Talking about some of her BBC television roles that followed, among them many classics, she revealed that “they recorded over the tapes, they are lost, that precious canon of work,” and that only a few videos survive.
Inspired by Monica Vitti in Antonioni’s L’Avventura (“She made me realize what film acting could be”) and the films of Anna Magnani (“I watch her films again and again to refresh myself”), she began a stellar film career.
As she spoke, it became clear how much she has been a creative partner in many of her roles, including those she made with the acclaimed directors Peter Greenaway (for whom she starred in The Cook, the Thief, His Wife & Her Lover) and Robert Altman (Gosford Park).
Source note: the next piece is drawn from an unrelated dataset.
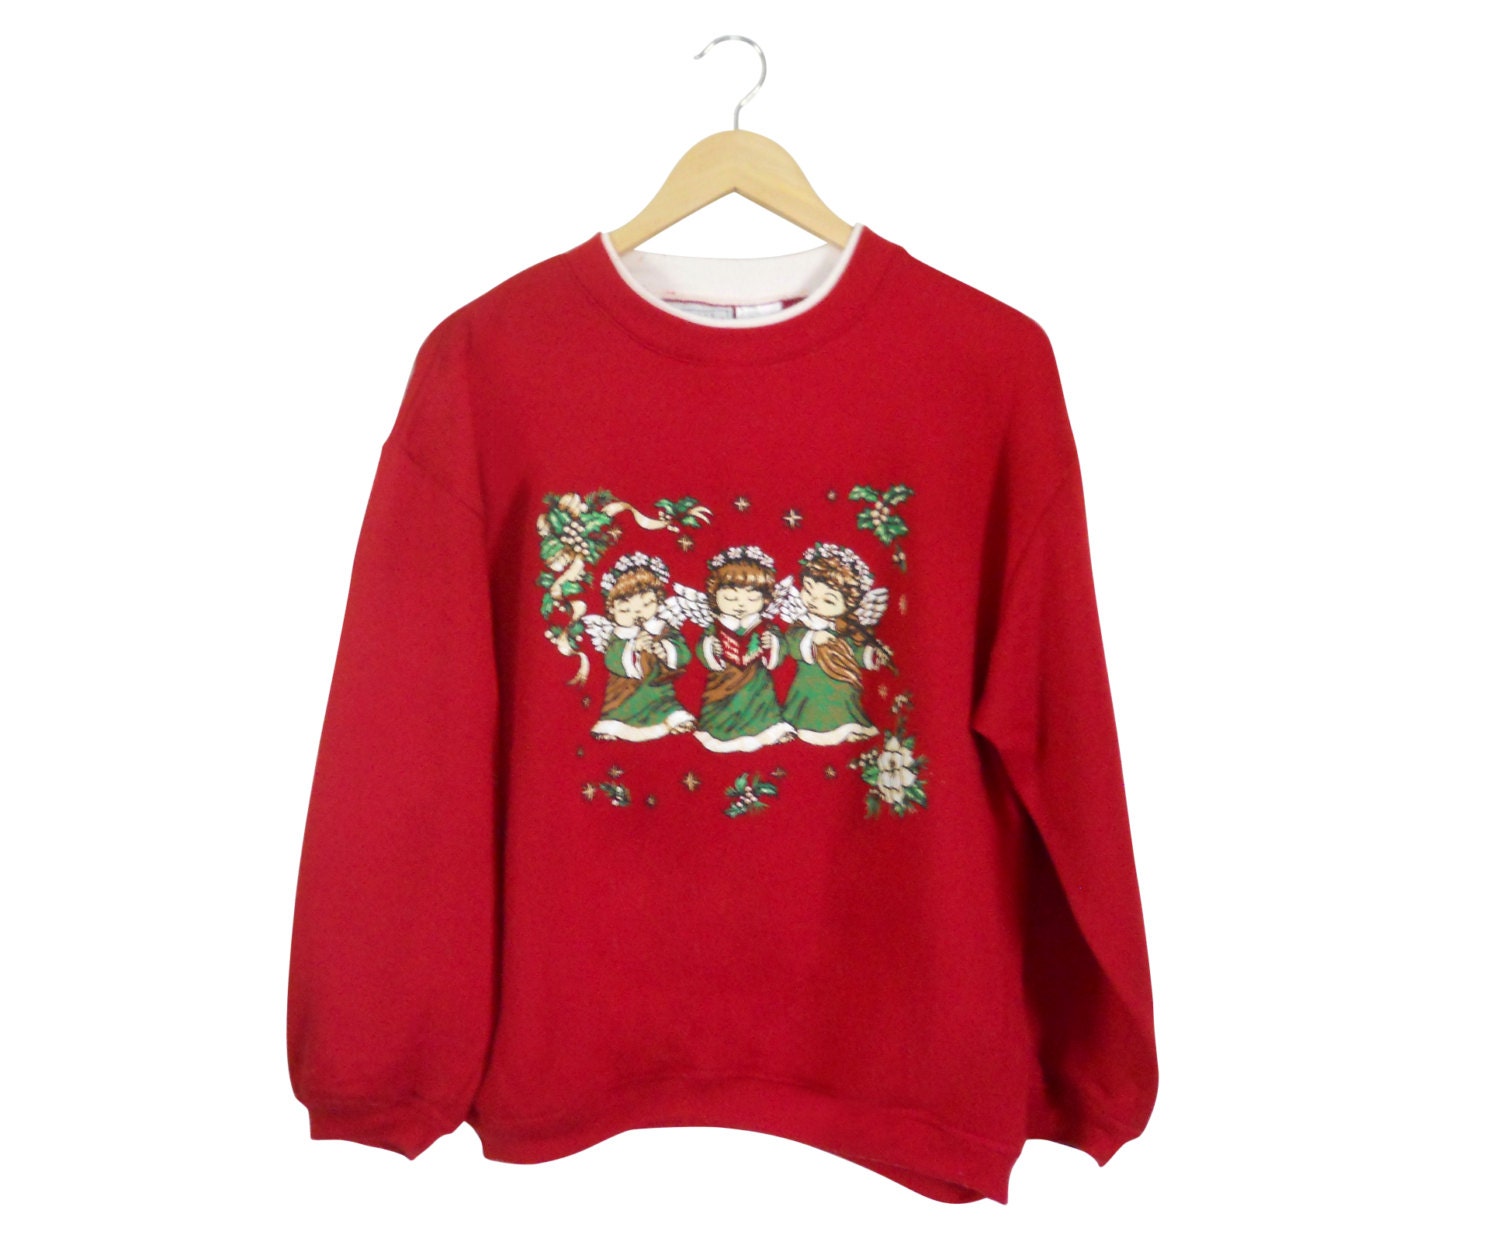 Ugly Christmas Sweater Party Tacky Christmas Sweater Ugly - Etsy

Of Greenaway, she said, “He sees his films as fine art, pure art.”
Altman “understood technique so profoundly, he threw the technique out” and took Mirren’s bold suggestion to cut a scene she considered extraneous, and to add another one later on. “It was because of that scene that I got an Oscar nomination” for her role in the film, she said.
The film for which she won her Best Actress Oscar, Stephen Frears’ The Queen, was daunting because of the queen is such a wellknown figure and because “the Brits have such a love-hate relationship with her.”
What helped alleviate her panic was her realization that “you’re just doing a portrait of her... It’s me as an artist, it’s not her... It was liberating.”
Among Mirren’s upcoming projects is her role in Fast and Furious 8, the latest installment in the action franchise. “I’m a great admirer of Vin Diesel,” said Mirren, with her trademark blend of joie de vivre, humor and grace. “I’m sure it will be great fun.”